Entropy can be defined as the number of bits it takes to describe a system.

Given $n$ symbols, each occurring with probability $p_k$ for $k \in (0, 1, \dots, n-1)$, we ask how many configurations are there for a very long message, say of $T$ transmitted symbols.

For the sake of clarity, we assume $T$ large and $T \cdot p_k \cdot n$ is integral.

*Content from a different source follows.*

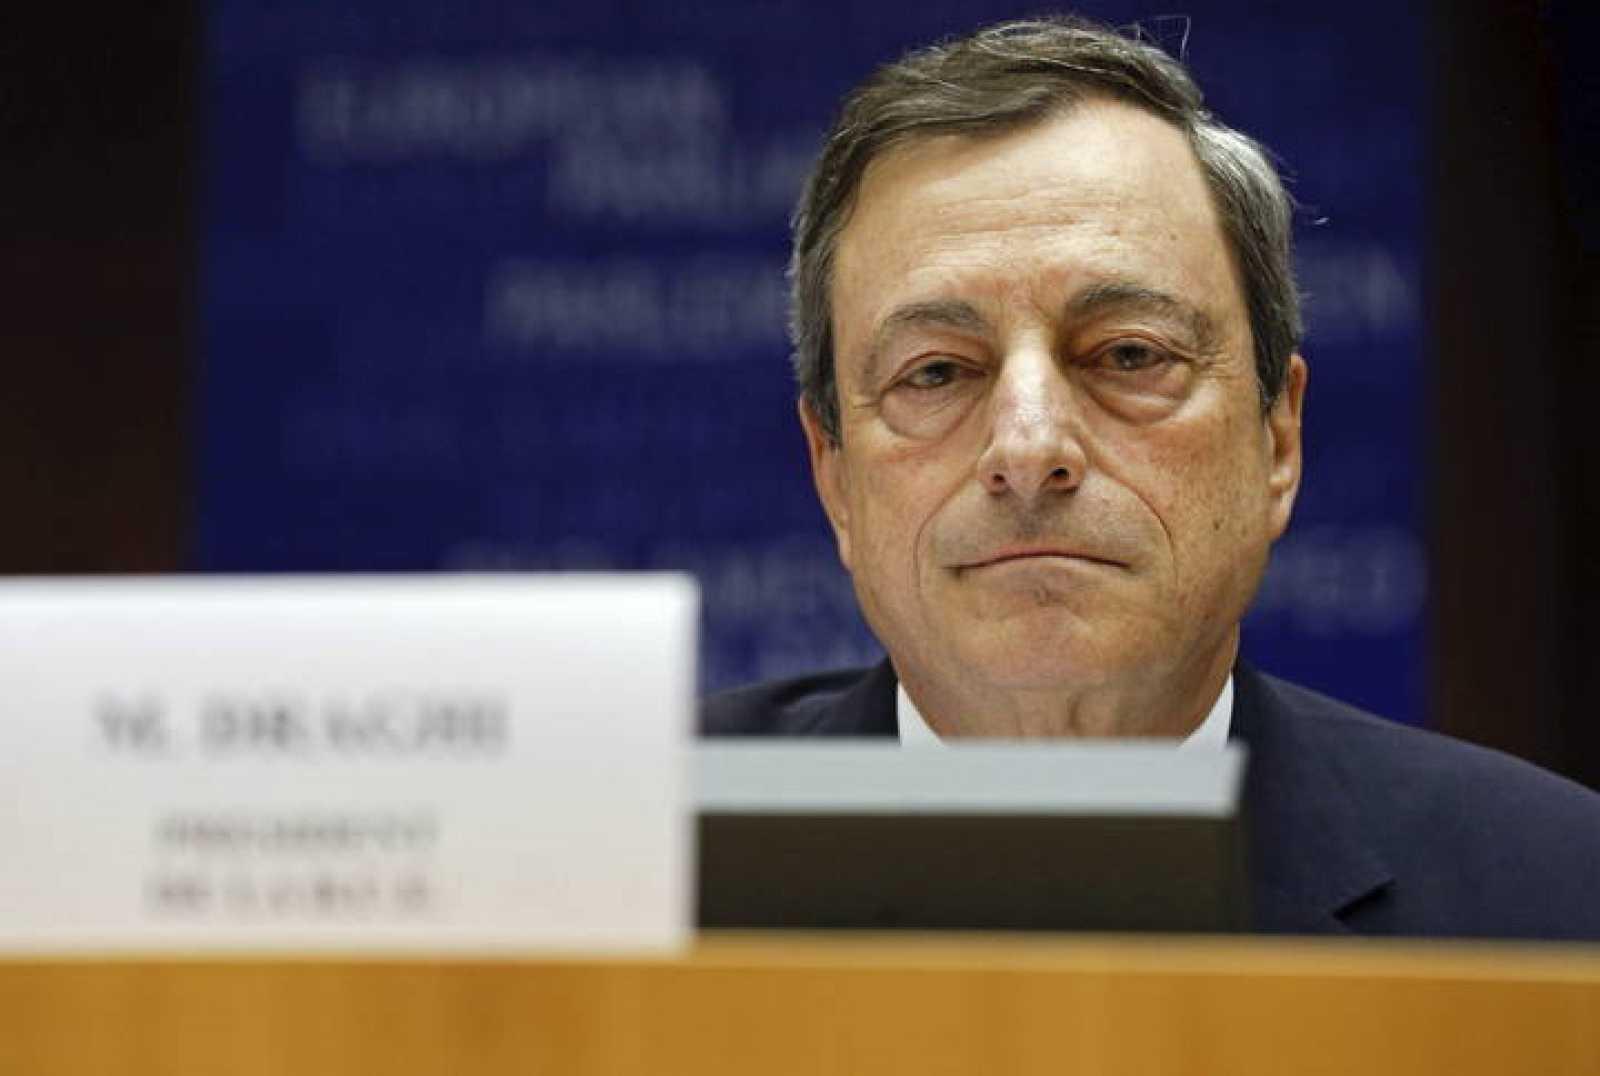 El presidente del BCE, Mario Draghi, durante una intervención en el Parlamento Europeo

The number of ways to arrange $T \cdot n$ elements comprised of $n$ symbols each occurring with $T \cdot p_k \cdot n$ frequency is the multinomial:

$${ T \cdot n \choose (T \cdot p_0 \cdot n), (T \cdot p_1 \cdot n), \dots, (T \cdot p_{n-1} \cdot n) }$$ $$= \frac{(T \cdot n)!}{\prod_{k=0}^{n-1} (T \cdot p_k \cdot n)!}$$

If we concern ourselves with the bits it takes to represent the total number of configurations, we find (where $\lg(\cdot) = \log_2(\cdot)$):

$$\lg( \frac{(T \cdot n)!}{\prod_{k=0}^{n-1} (T \cdot p_k \cdot n)!} )$$ $$= \lg( (T \cdot n)! ) - \sum_{k=0}^{n-1} \lg( (T \cdot p_k \cdot n)! )$$

$$\approx (T \cdot n) lg( T \cdot n ) - (T \cdot n) - \sum_{k=0}^{n-1} [ (T \cdot p_k \cdot n) \lg(T \cdot p_k \cdot n) - (T \cdot p_k \cdot n) ]$$

By definition, $\sum_{k=0}^{n-1} p_k = 1$, we can reduce to find:

$$= - T \sum_{k=0}^{n-1} p_k \lg(p_k)$$

We define $H$ to be our entropy, the average number of bits needed to represent our system. Since the above is the total number of bits needed, we divide by $T$ to find the average:

$$H = - \sum_{k=0}^{n-1} p_k \lg(p_k)$$

Transmission Over a Noisy Channel

If we transmit $H$ bits per symbol over a noisy line and assume each symbol's error over the line is independent, label the number of bits, whole or partial, that succumb to error as $r$. That is, of the $H$ bits per symbol, $r$ are 'eaten' by noise in the channel.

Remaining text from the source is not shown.